17.2 AZ shall indemnify the Purchaser and each of its
officers, employees and agents (each a "Purchaser
Indemnitee") against any losses, damages, liabilities
or expenses in connection with any actions or demands
that may be brought against any Purchaser Indemnitee by
any non-Affiliate of the Parties to the extent such
event or circumstance (i) occurred before the Effective
Date or (ii) arises out of the manufacture of AZLAD
Products by AZ otherwise than in accordance with
applicable GMP and the relevant Marketing Authorisation
or the sale of AZLAD Products by AZ otherwise than in
accordance with the relevant Marketing Authorisation.
209
17.3 As promptly as practicable after any indemnitee
referred to in clauses 17.1 or 17.2 obtains knowledge
of any action or demand as to which it will or may be
entitled to indemnity under such clause, it shall give
notice to the Parties, provided that the failure to
give such notice shall not preclude or bar such claims
but shall reduce such claims to the extent of prejudice
to the indemnifying Party. The indemnifying Party shall
be entitled to participate in any proceedings relating
to such action or demand. The indemnitee shall obtain
the prior approval of the indemnifying Party, which
approval shall not be unreasonably withheld, before
entering into any settlement or compromise of such
action or demand if as a result thereof the
indemnifying Party's indemnity obligations with respect
to such action or demand will not be discharged.
18. MISCELLANEOUS
18.1 Neither Party shall be liable on any account for any
failure to fulfil any terms of this Agreement if such
fulfilment has been frustrated by Force Majeure,
provided that the Party which is prevented from
performing exercises diligent efforts to resume its
performance hereunder as soon as practicable.
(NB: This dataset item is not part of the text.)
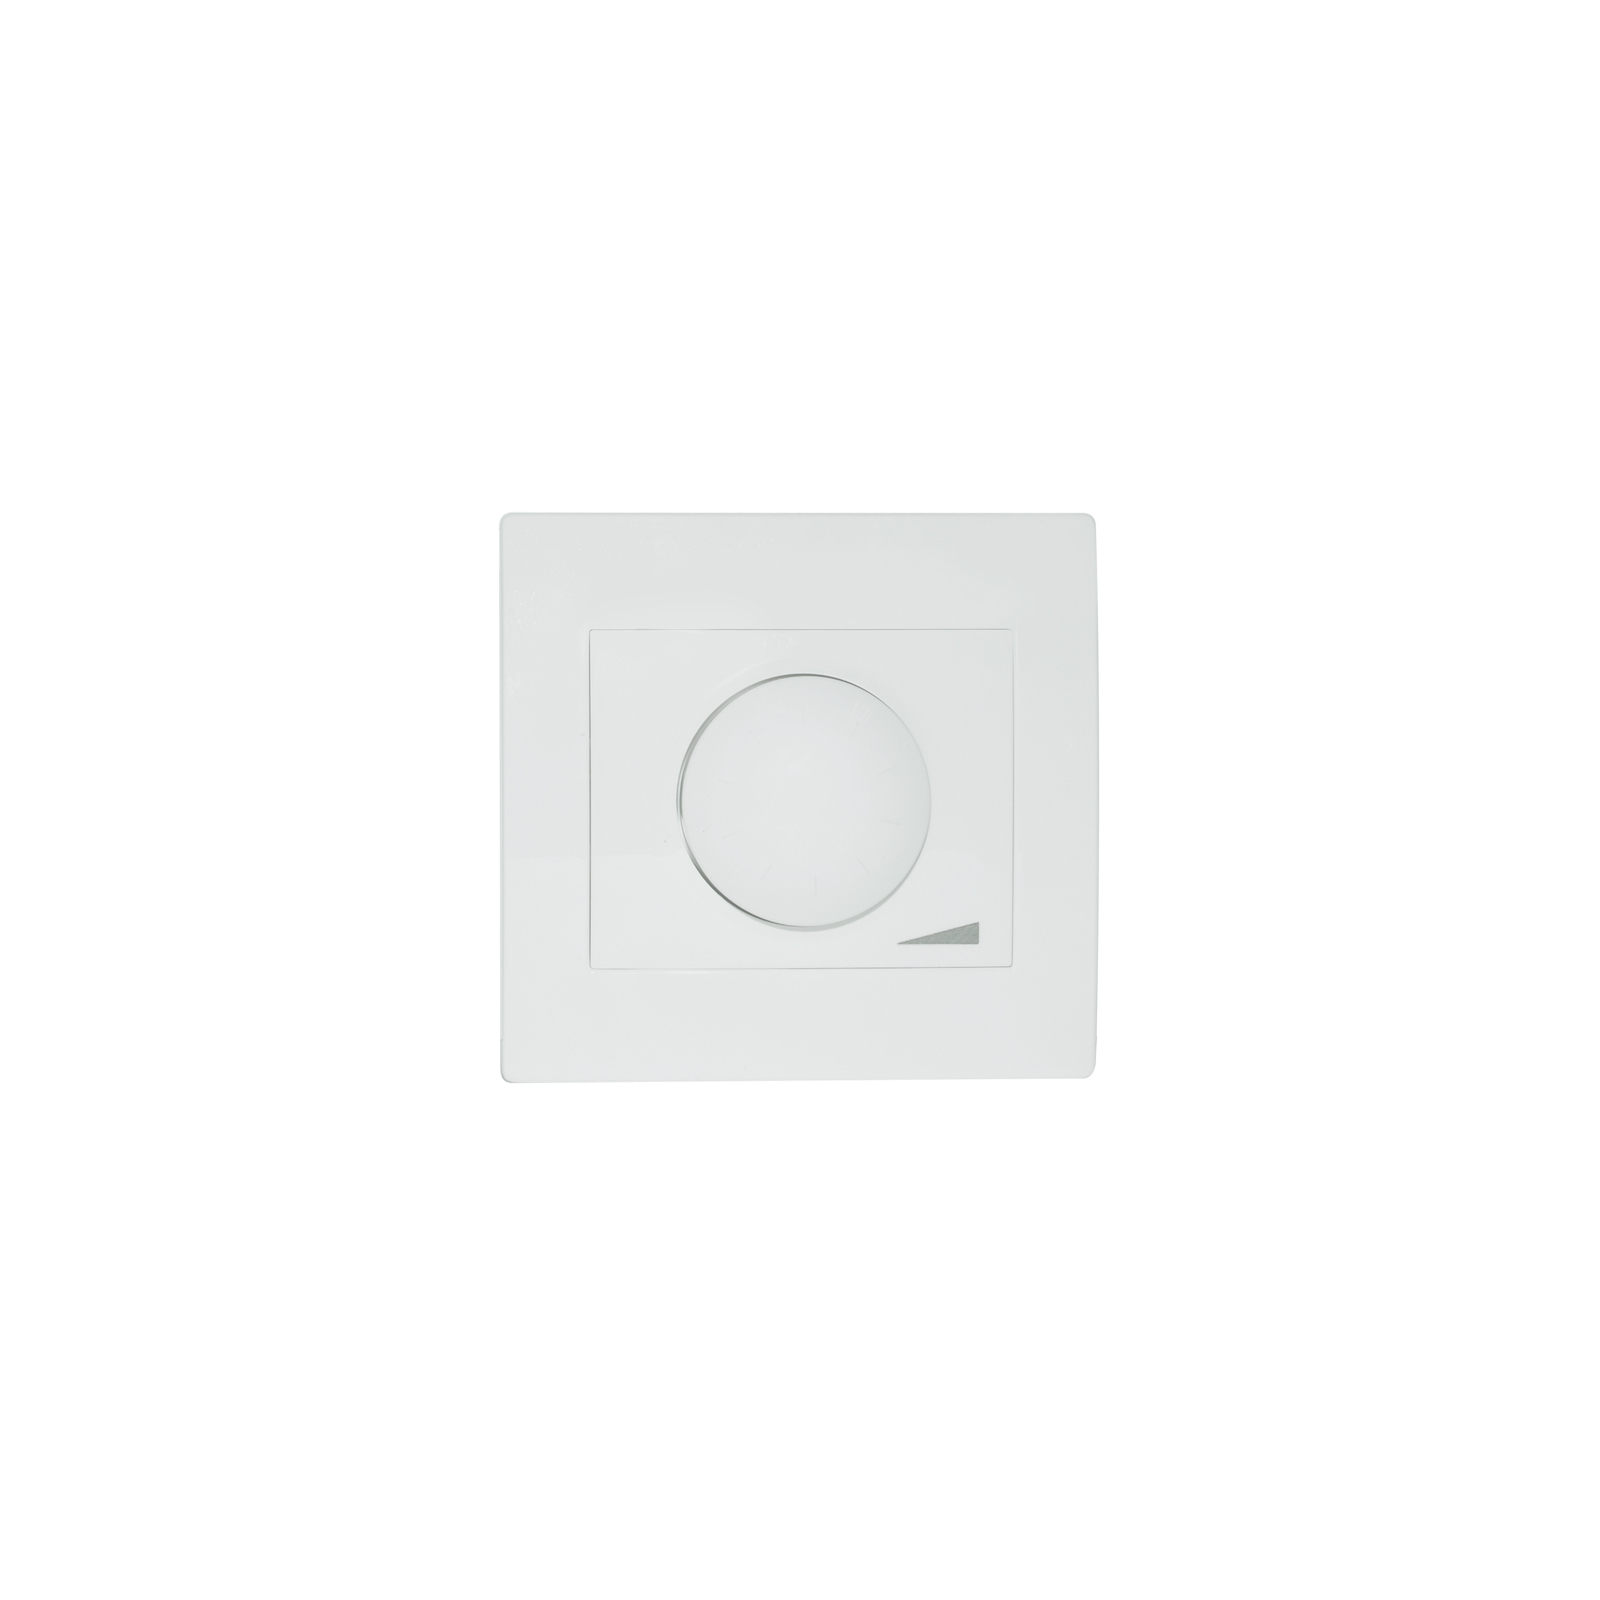 Светорегулятор Sven SE-119 white (7100099) изображение 2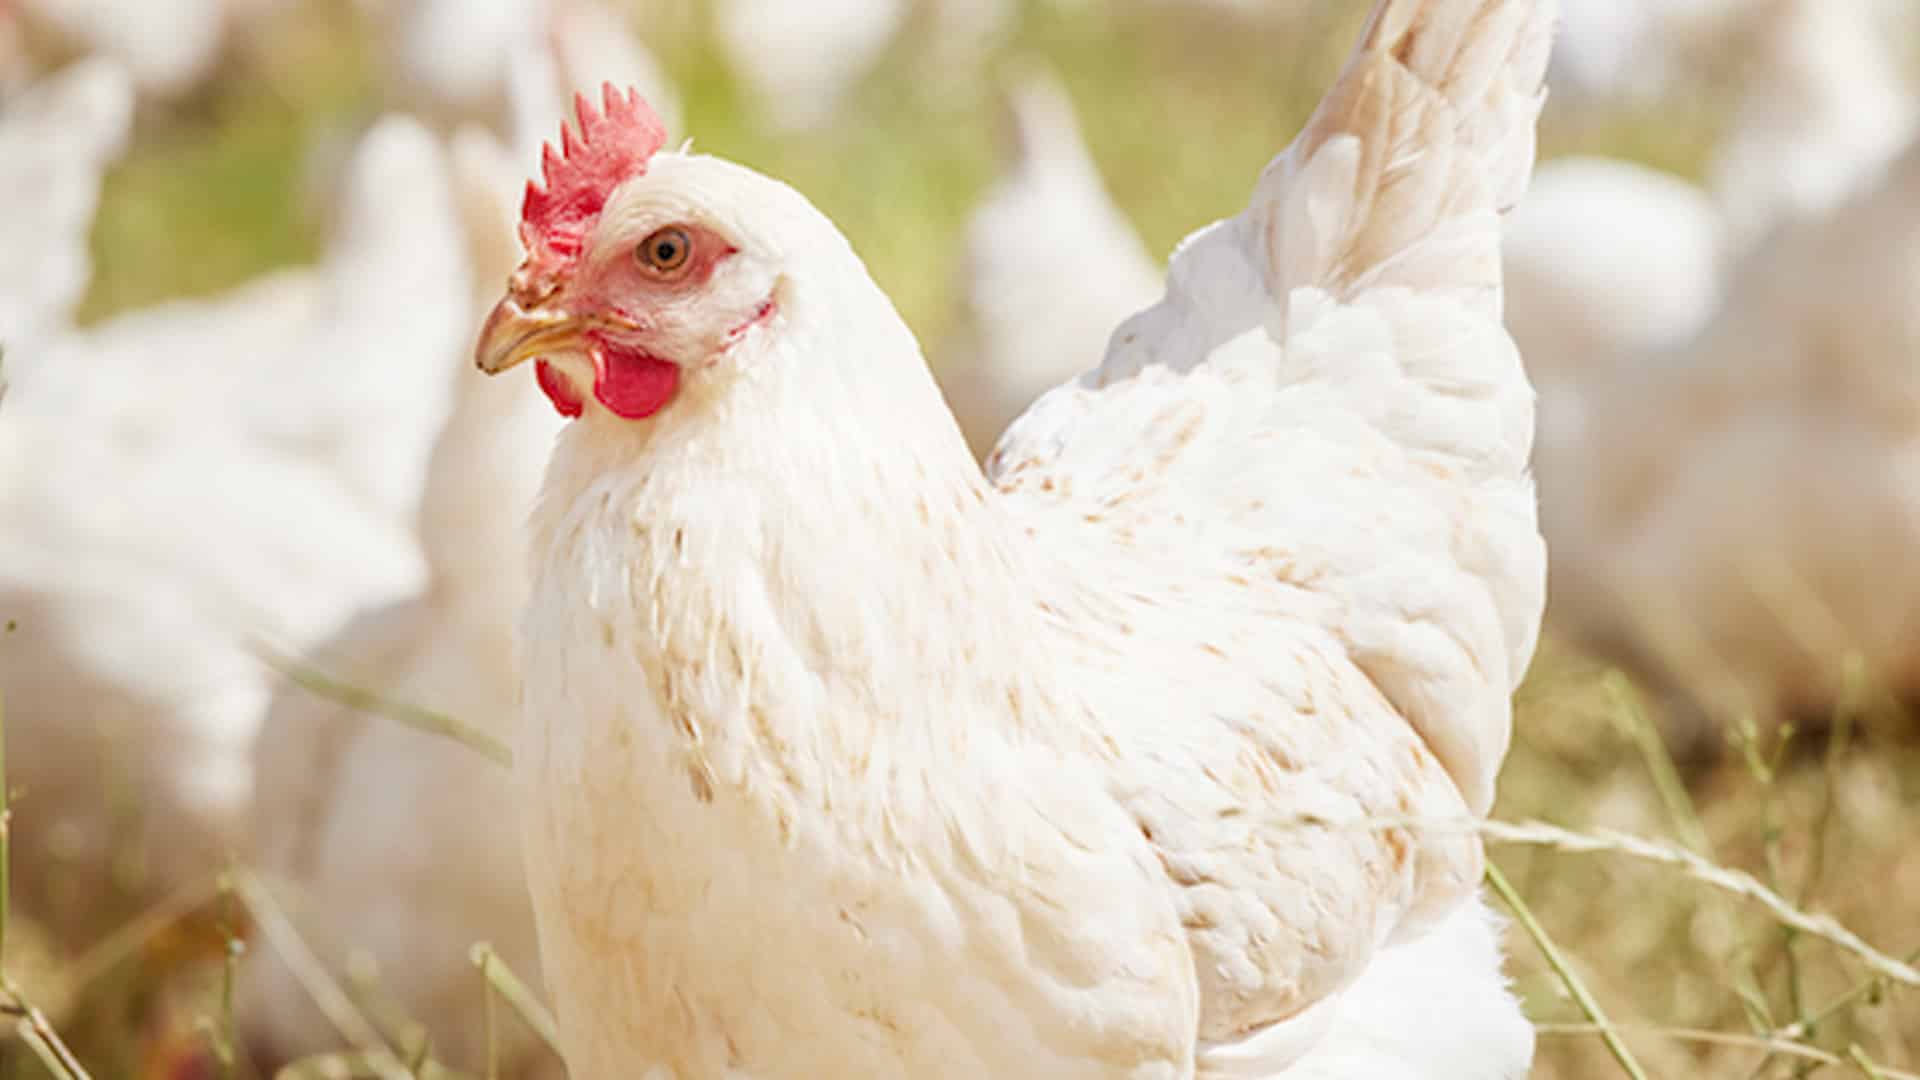 La influenza aviar ha provocado la muerte de millones de aves

18.2 Subject to clauses 18.3 and 18.13,
(i) neither Party shall be entitled to assign or
sub-license any of its rights or obligations
under the AZLAD Products Manufacturing
Agreement except in accordance with the
provisions of such Agreement,
(ii) the Purchaser shall not be entitled to assign
or sub-license any of its rights or obligations
under the AZ Trade Marks Licence Agreement
except in accordance with the provisions of
such Agreement, and
(iii) subject to the provisions of paragraphs (i) and
(ii) of this clause, either Party shall be
entitled to assign or sub-license any of its
rights or obligations under this Agreement
without the consent of the other Party.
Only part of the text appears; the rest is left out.